Discovered the excellent ggscatter
function in the ggpubr
library to generate correlation plots. I generated correlation plots for the 3 differentially abundant proteins (HSP90, Puromycin-sensitive aminopeptidase, Trifunctional Enzyme). At first I was going to just use Pep1 (the most abundant peptide from each protein) to generate these plots. Instead, I z-transformed all peptide abundance data so they were all on the same scale, and thus could regress all peptides from each protein against environmental paramters.
It’s a good idea to quickly summarize how I’ve manipulated peptide abundance data in this project:
- lambda-transformed abundance by each protein to create normal distributions, then compared across habitats, sites, and regions using ANOVA
- z-transformed by each peptide ((X-mean)/SD), then ran correlation analysis against each environmental parameter
3. From plots, selected env. summary stats to use in models
Selected the following environmental parameters per the respective proteins for model constructions, using an approximate alpha=0.01 as cutoff: % Growth, DO.sd, DO.var, pH.sd.1, salinity.mean, salinity.sd.1. Here are the correlation plots for these parameters, using HSP90 for the purposes of this example:
4. Generate correlation plots with selected env. variables to identify potential interactions
Generated a correlation plot with the pairs()
function to identify any environmental parameters that are highly correlated; if identified, I can leave one of the two correlated metrics out of my linear model.
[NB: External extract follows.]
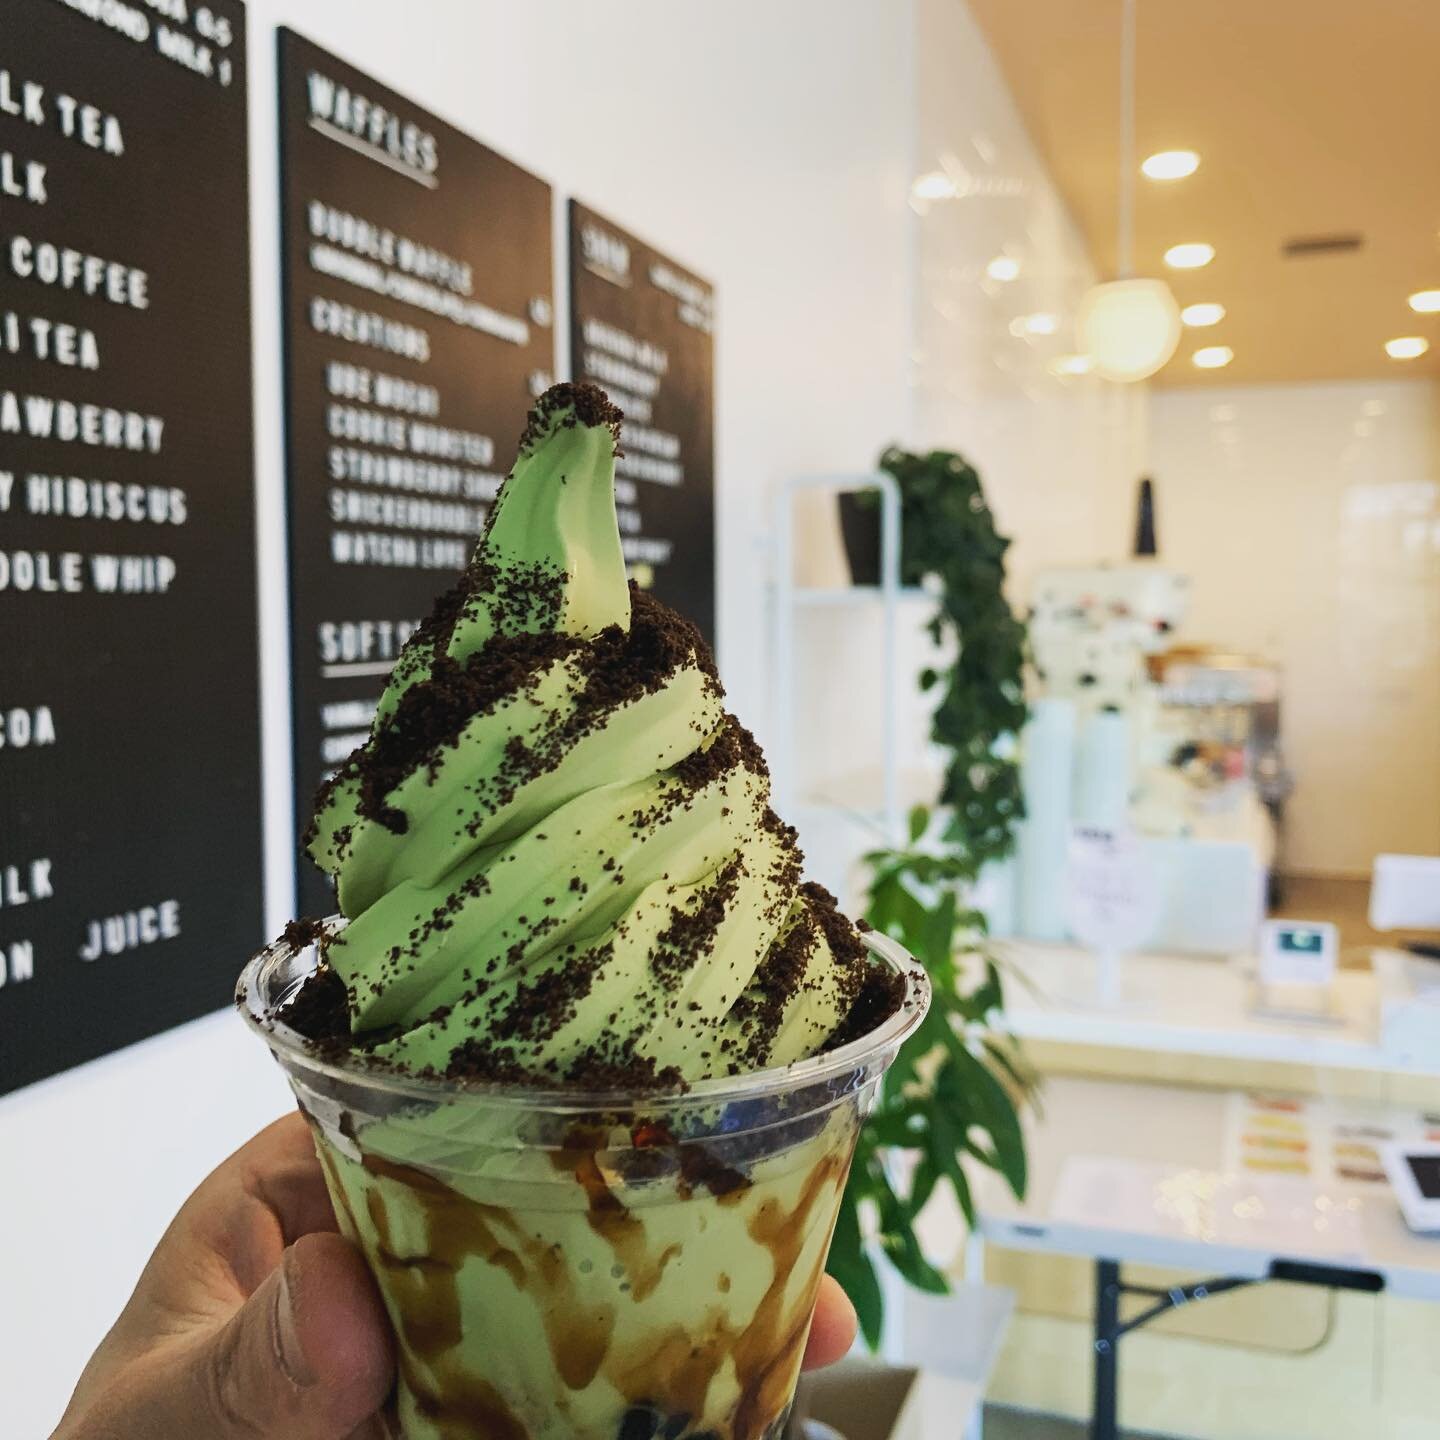 Iceskimo Eastlake just added Matcha and Chocolate softies! Del Mar is now swirling Vanilla/Chocolate/Strawberry/Ube softies through the long weekend.

From the correlation plot, it appears that:
- DO.sd & DO.var highly correlated. Select DO.sd since it’s correlation p=value is slightly smaller
- pH.sd & pH.var highly correlated. Select pH.var since it’s correlation p=value is smaller and r value higher
5. Run multiple linear regression model
Ran the following model and viewed summary:
Call:
lm(formula = value ~ DO.mean.loc.Z + DO.sd.loc.Z + pH.var.loc.Z +
Salinity.mean.loc.Z + Temperature.mean.loc.Z, data = data.pepsum.Env.Stats.HSP90.Z,
singular.ok = TRUE)
Residuals:
Min 1Q Median 3Q Max
-1.7794 -0.4787 0.1177 0.5790 1.2928
Coefficients: (1 not defined because of singularities)
Estimate Std. Error t value Pr(>|t|)
(Intercept) 0.2450 0.5825 0.421 0.67510
DO.mean.loc.Z 0.6813 1.1876 0.574 0.56776
DO.sd.loc.Z -1.0086 0.9314 -1.083 0.28206
pH.var.loc.Z 0.3494 0.2268 1.541 0.12723
Salinity.mean.loc.Z 1.0207 0.3477 2.935 0.00432 **
Temperature.mean.loc.Z NA NA NA NA
---
Signif. codes: 0 ‘***’ 0.001 ‘**’ 0.01 ‘*’ 0.05 ‘.’ 0.1 ‘ ’ 1
Residual standard error: 0.7499 on 82 degrees of freedom
(54 observations deleted due to missingness)
Multiple R-squared: 0.4062, Adjusted R-squared: 0.3772
F-statistic: 14.02 on 4 and 82 DF, p-value: 9.27e-09
Also ran anova()
on the model:
> anova(lm.HSP90)
Analysis of Variance Table
Response: value
Df Sum Sq Mean Sq F value Pr(>F)
DO.mean.loc.Z 1 25.041 25.0415 44.5306 2.74e-09 ***
DO.sd.loc.Z 1 0.575 0.5754 1.0232 0.314744
pH.var.loc.Z 1 1.077 1.0767 1.9147 0.170197
Salinity.mean.loc.Z 1 4.846 4.8458 8.6171 0.004319 **
Residuals 82 46.112 0.5623
---
Signif. codes: 0 ‘***’ 0.001 ‘**’ 0.01 ‘*’ 0.05 ‘.’ 0.1 ‘ ’ 1
>
The coefficient significances are not adequate, and one parameter (T) was left out due to singularity. After messing with models for weeks I have decided to not include them in my paper. I’ve made this decision for several reasons: 1) I don’t believe that I have all influential parameters at hand to construct a representative model, 2) With the exiting environmental data, I believe that correlation analysis is adequate for the purposes of our paper, and perhaps most importantly 3) I don’t know what I’m doing so unable to make informed decisions nor interpret results (I hope to take the regression course next quarter). I also attempted to build a Structural Equation Model, but again, failed.